(Dataset entries)
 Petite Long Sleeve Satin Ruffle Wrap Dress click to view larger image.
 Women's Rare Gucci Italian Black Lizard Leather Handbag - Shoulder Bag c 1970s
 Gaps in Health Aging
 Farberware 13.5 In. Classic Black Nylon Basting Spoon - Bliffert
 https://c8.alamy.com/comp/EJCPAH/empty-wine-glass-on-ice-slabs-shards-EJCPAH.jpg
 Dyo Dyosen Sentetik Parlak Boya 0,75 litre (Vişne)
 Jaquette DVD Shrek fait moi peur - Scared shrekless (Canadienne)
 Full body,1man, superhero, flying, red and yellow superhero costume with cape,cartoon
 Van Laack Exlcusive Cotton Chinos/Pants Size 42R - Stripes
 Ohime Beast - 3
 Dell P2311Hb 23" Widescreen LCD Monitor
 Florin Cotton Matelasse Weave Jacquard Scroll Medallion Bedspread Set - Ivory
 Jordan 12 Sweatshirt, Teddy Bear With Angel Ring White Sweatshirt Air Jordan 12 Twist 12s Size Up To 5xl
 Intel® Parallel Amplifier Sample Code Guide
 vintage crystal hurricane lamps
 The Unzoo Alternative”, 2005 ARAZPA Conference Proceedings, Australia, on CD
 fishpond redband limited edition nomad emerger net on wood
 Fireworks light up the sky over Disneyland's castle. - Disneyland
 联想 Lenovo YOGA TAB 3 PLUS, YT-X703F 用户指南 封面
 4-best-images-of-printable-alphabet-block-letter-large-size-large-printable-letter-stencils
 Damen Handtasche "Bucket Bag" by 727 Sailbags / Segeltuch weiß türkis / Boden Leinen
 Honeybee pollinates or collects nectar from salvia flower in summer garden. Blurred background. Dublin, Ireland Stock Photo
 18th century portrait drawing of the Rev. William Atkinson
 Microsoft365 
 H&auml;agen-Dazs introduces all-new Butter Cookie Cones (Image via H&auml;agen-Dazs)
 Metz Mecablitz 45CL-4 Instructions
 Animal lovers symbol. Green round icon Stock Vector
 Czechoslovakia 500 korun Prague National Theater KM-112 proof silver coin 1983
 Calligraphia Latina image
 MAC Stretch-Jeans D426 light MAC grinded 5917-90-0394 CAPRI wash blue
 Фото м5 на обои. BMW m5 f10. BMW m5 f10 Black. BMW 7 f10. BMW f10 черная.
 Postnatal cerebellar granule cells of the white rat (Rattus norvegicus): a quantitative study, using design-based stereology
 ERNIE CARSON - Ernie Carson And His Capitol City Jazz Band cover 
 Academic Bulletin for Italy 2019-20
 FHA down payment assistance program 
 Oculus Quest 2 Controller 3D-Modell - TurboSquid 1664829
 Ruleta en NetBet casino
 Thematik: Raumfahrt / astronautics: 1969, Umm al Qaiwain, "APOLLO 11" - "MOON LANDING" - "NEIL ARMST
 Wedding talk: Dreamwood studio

▸ Problem description
Copy here each line of the preceding records with "Black" in it.

▸ Result below
 Women's Rare Gucci Italian Black Lizard Leather Handbag - Shoulder Bag c 1970s
 Farberware 13.5 In. Classic Black Nylon Basting Spoon - Bliffert
 Фото м5 на обои. BMW m5 f10. BMW m5 f10 Black. BMW 7 f10. BMW f10 черная.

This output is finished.